The rules of the game are pretty simple back in my village.
If you have a hearth and nothing else, you count on god.
If you have a hearth and a cow, you can negotiate with your god.
If you have a hearth and a cow and a land, you are your own god.”
Ronge Kumar is a 39-year-old sweeper and errand guy at the local temple near my place of domicile in North Delhi, India. His favourite sport, second only to knowing all the Hindu gods’ genealogy trivia like the back of his hand, is stealing time for his almost ritualistic TikTok consumption in the slimy contours between the work-home binary at the temple.
While I conjecture up an introduction for him in foresight of a biographical essay I might someday write about him, he overruns my train of thought to continue his monologue: “One of the greatest pieces of unwitting disclosure is your father’s name. Your father might not leave you an inheritance but he sure will leave you a family name as a mortgage against your self respect. How do you go on pretending to be a different person while carrying your family tree on your shoulder? The city, with all its noise, is easy on you, because it does not have time to care.”
If all identity is indeed a performance, Kumar’s predicament really leaves me questioning the semantics of visibility in a society that, at once, implicates us as performers of our everyday identities and an audience to others’. This, I intend not as much in a Shakespearean sense of the word as much in a social constructionist sort of way.
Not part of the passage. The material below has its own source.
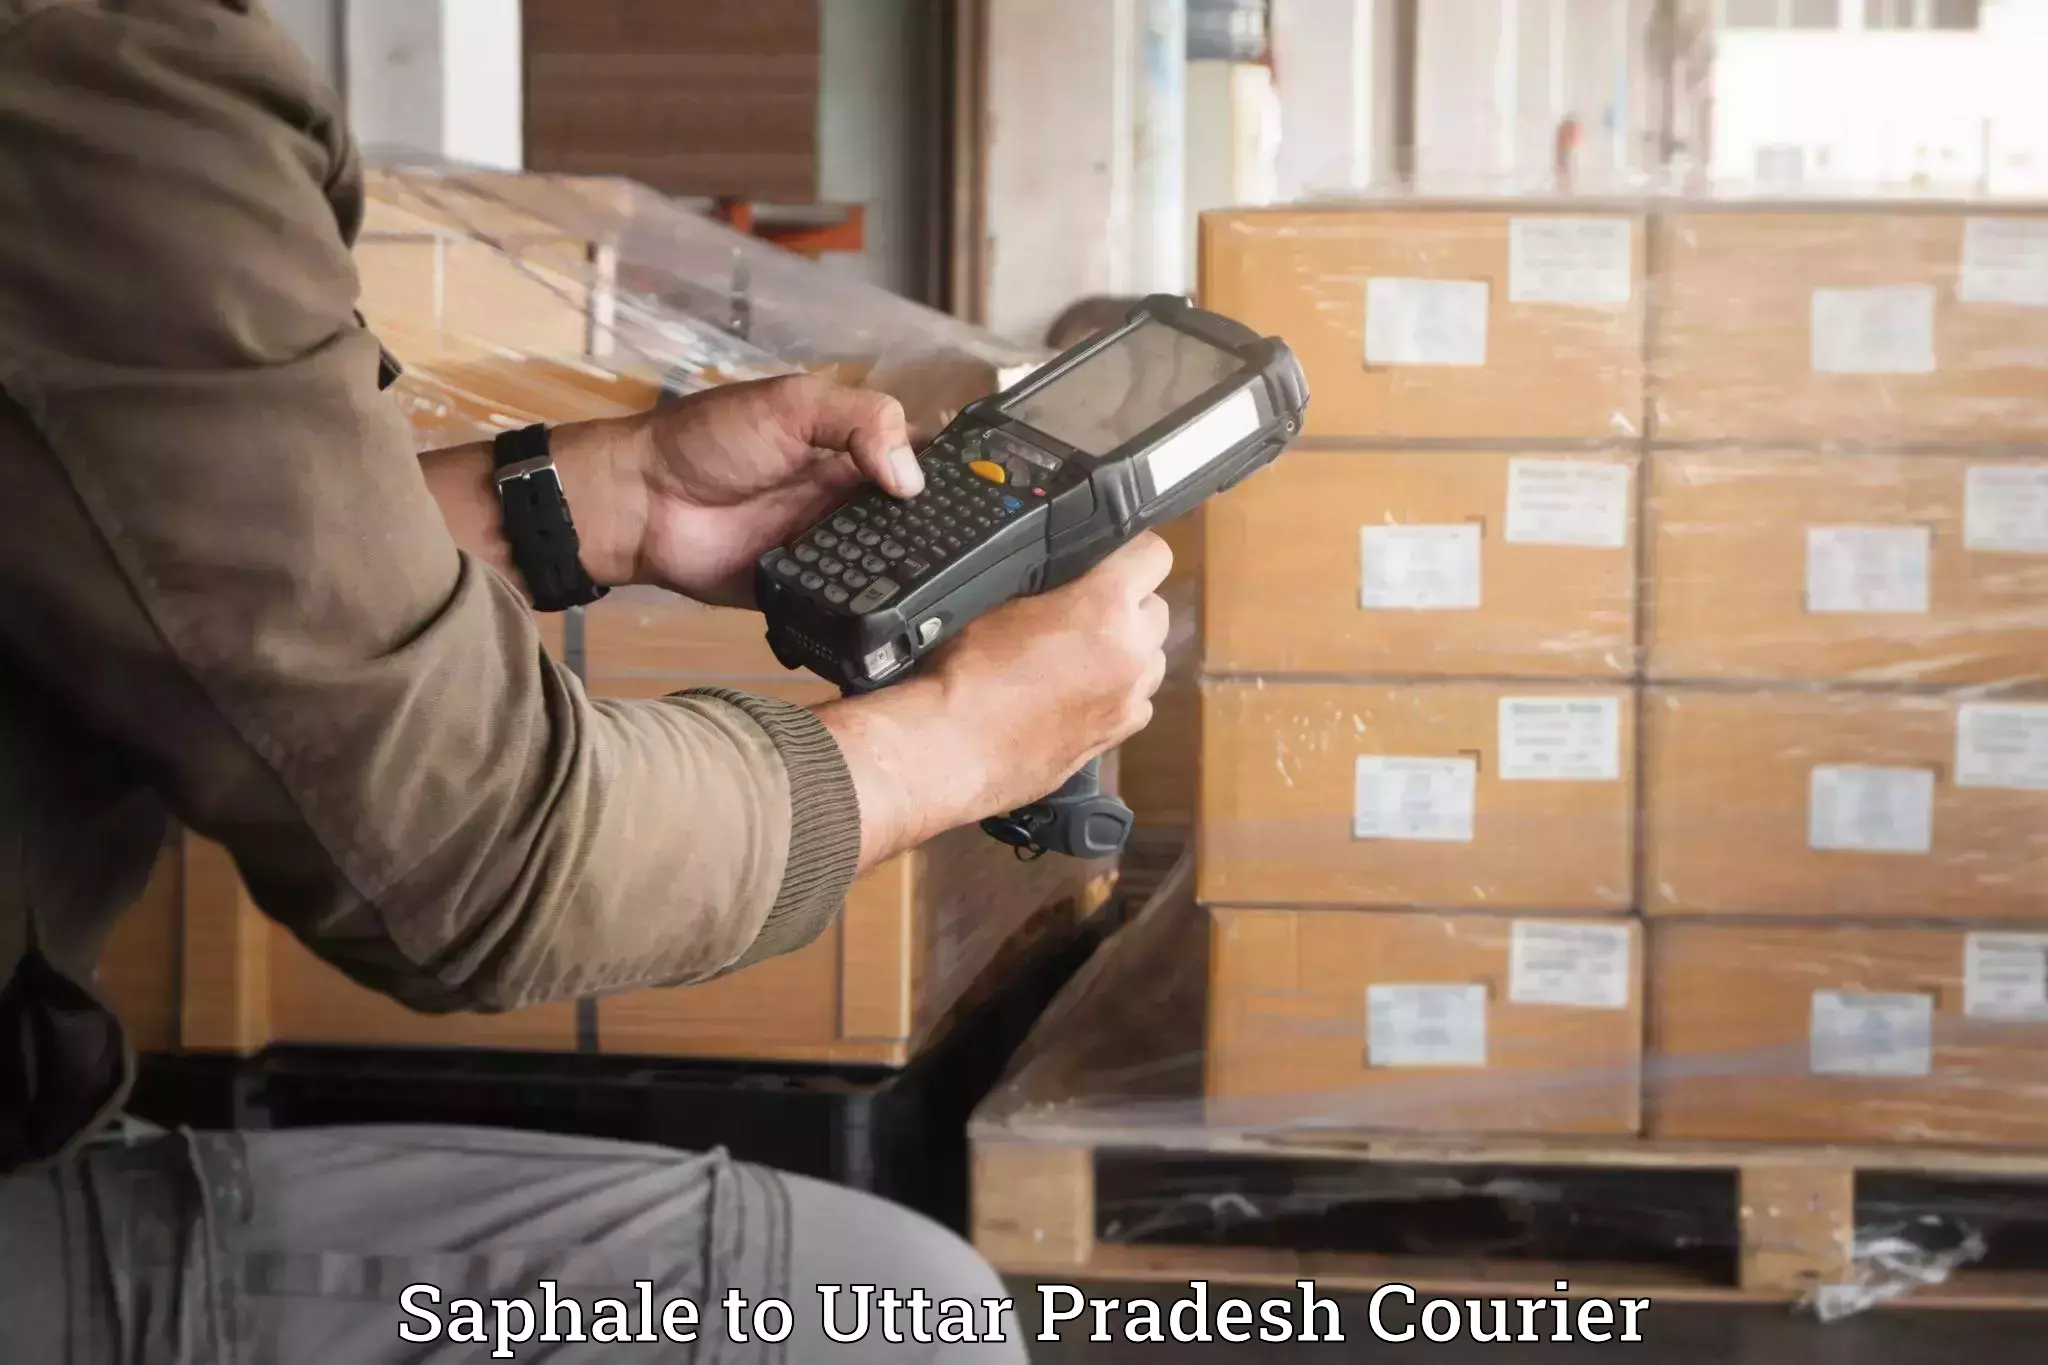 Door-to-door baggage service Saphale to Hapur

The fact that I ‘pass’ as a normal, functional unit of the social context, is but a deliberate, concerted project of everyday performance. However, when the context is all too familiar and the performer too visible, it is hard to ‘pass’ without being held to public scrutiny for everything you do. Thus, the respite Kumar attributes to the city is the relative autonomy that his anonymity here can afford for him. This anonymity is only augmented when he enters the internet, to a point of discord, if not dissociation from his identities back home and in the city. This is not to say that the internet exists in a social vacuum, free from the social categories that define our identity on the ground, but that it offers every new entrant a clean slate.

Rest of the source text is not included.